- Born: Beverley Christiani Drake 20 June 1956 Georgetown, Guyana
- Other name: Beverly Johnson
- Occupations: pilot, NTSB accident investigator
- Years active: 1977–present
- Known for: first woman pilot for the Guyana Defence Force

= Beverley Drake =

Aviator

Beverley Drake (born 20 June 1956) is a Guyanese pilot and aviation expert who is an administrator and accident investigation analyst with the United States National Transportation Safety Board (NTSB). She was one of the first two woman pilots to work in the Guyana Defence Force, first woman commercial pilot of Guyana Airways, and was the first and only black woman to serve as a senior aviation accident investigator for the NTSB. She serves as the manager of the Federal Women's Program of the NTSB and program director of the Industry and Government Affairs division of the NTSB.

==Early life==
Beverley Drake was born on 20 June 1956 in Georgetown, Guyana, to Elaine and Clive Drake. She grew up, youngest of two daughters of the family in the Costello Housing Scheme in the neighbourhood known as "La Penitence". She was a tomboy and enjoyed playing cricket with the neighbourhood boys and building model aircraft. She also shared a love of flying with her father, who had wanted to be a pilot. Drake attended St. Pius Primary School before graduating from St. Rose's High School in 1974. She went on to further her education, enrolling in a course for a degree in chemistry and biology at the University of Guyana in 1975. For two years, she pursued her scientific studies before winning a scholarship to study aviation at Embry-Riddle Aeronautical University. Ten days after she began her schooling, Drake's mother died suddenly. Though a difficult time, she resolved to remain in school and returned to her studies after the funeral. After completion of the coursework for instrument and crew management, as well as pilot licensing, Drake completed her flight training at the airfield, in Wallerfield, Trinidad. She received her commercial pilot's licence from Guyana in 1977.

==Career==
Upon completion of her training, Drake was hired as one of the first two-woman pilots of the Guyana Defence Force, flying Britten-Norman Islanders. Her duties involved flying over Guyana's jungles, without navigational aids, to monitor the bush areas. Within six months, she was transferred to Guyana Airways as their first woman pilot and began flying Hawker Siddeley 748s and de Havilland Canada Twin Otters. Her flight schedule involved both local flying and international flights to Barbados, Dominica and Trinidad. During this time, she married an army major, Randolph Johnson.

Drake's first son, Kevin was born in 1979 in Guyana and came with her and her husband when they moved to the United States the following year. Johnson wanted to pursue career options in New York, but Drake found it difficult to continue flying in Brooklyn. She tried to join the US Air Force and pursue other options, but was turned away because she either didn't have the qualifications or wasn't a citizen. Four years after Kevin's birth, Drake had her younger son, Kurt. Unable to work in aviation, she took a temporary job in 1984 working for Goldman Sachs and joined clubs like the Negro Airmen International, for which she became secretary, and the Black Pilots of New York to keep up with her flying skills.

The job with Goldman Sachs as an analyst turned into a permanent position, though Drake recognised after the 1987 financial melt-down that it was unstable. As a working mother, she had to rely on babysitters, neighbours and friends to help out with her children when she worked nights.
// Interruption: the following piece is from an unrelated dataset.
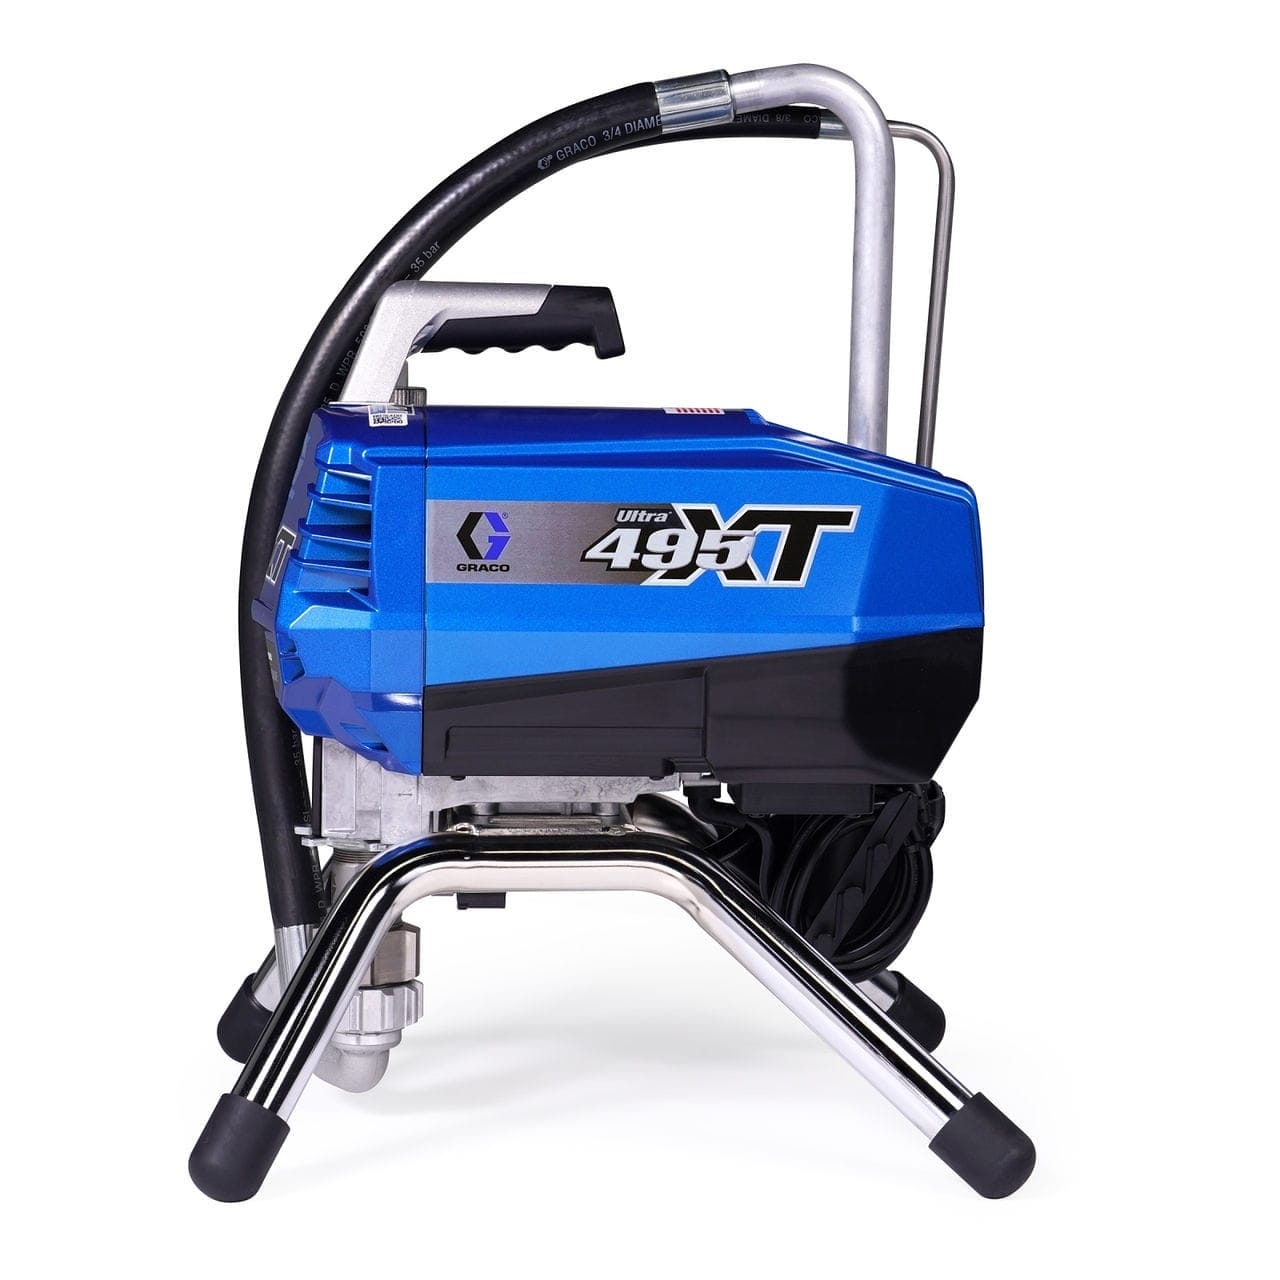 Graco Ultra 495 XT Electric Airless Sprayer, Stand

She also continued her networking with the Black Pilots of New York and when another market crash occurred in 1989, Drake began thinking about returning to aviation. One of the fellow members of the pilots club encouraged her apply for a position as a junior investigator at the National Transportation Safety Board (NTSB).

In 1991, Drake was hired as an investigator and moved to Washington, D. C. When she joined the NTSB, Drake was surprised at the sexism she discovered and felt that she had to work "ten times better" than the others in the male-dominated field. She divorced in 1994 and returned to school, completing the program of the NTSB's Accident Investigation School and then a course on aircraft and helicopter accident investigation at the USC. Institute of Safety and Systems Management. Drake earned a bachelor's degree in aeronautics in 2002 and then in 2005 completed her master's degree in Aeronautical Science, both with Embry-Riddle Aeronautical University. She later became the first black woman senior accident investigator of the NTSB and as of 2013 was the only woman to have served in that capacity.

Drake serves as the manager of the NTSB's Federal Women's Program. As part of her duties in administration, Drake consults with aviation officials in various countries in an effort to improve their safety records. She has investigated over 300 crashes and shares her expertise as a means of helping reduce mechanical and environmental factors involved in aircraft accidents. In 2013, she was promoted to also serve as the Program Manager of the Office of the NTSB's Industry and Government Affairs division, which oversees forums and symposiums on air safety. She has presented safety seminars throughout the United States, including for such organisations as the Experimental Aircraft Association and The National Air and Space Museum.

==Legacy==
In 2013, Drake's image was issued on a postage stamp in her native Guyana to honour her achievement as a pioneer pilot. She actively works to inspire and mentor young women to pursue careers in aviation and STEM fields.